Exercise description
Among the lines of the records, count those containing the word "thumbnail", then give the number alone.

Dataset excerpts
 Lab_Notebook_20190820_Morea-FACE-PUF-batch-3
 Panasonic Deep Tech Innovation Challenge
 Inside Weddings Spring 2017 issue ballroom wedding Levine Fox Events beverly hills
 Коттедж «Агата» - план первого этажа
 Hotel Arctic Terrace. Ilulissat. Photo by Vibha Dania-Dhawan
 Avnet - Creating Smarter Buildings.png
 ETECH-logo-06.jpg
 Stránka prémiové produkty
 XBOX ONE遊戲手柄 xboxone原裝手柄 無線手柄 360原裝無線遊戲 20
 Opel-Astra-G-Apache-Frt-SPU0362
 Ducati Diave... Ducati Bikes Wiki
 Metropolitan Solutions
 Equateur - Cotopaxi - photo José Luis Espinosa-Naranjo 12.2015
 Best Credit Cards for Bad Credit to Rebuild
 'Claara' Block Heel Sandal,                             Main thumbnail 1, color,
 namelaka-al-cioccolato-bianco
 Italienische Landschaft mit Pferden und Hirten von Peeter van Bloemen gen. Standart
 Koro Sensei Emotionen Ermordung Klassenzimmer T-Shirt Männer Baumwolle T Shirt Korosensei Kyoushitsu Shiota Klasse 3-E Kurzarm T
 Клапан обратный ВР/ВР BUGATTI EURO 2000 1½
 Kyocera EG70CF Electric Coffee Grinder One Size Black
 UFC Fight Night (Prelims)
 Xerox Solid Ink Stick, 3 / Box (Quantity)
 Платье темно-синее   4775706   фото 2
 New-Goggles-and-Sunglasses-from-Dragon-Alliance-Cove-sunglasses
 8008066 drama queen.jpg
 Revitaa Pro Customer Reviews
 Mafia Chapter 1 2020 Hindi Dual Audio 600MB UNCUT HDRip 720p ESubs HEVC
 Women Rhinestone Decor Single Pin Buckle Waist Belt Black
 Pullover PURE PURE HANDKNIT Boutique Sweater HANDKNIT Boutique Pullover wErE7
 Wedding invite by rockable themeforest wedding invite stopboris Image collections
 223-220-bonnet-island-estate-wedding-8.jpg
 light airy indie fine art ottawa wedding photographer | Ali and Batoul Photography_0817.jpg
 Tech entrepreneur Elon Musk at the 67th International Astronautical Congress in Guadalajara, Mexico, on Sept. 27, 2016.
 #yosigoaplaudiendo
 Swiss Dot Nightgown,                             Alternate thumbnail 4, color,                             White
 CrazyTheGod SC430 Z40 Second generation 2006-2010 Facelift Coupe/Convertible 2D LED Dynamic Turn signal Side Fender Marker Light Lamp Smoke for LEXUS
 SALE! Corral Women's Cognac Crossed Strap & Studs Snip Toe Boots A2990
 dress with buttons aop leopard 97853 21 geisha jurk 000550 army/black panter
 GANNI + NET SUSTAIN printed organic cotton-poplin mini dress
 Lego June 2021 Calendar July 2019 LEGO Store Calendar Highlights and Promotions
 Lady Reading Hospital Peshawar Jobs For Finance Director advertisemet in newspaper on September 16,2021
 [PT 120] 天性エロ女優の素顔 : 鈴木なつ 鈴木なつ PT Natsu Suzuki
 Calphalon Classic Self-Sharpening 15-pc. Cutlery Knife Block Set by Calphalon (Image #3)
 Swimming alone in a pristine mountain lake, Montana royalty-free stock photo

Answer to this problem
2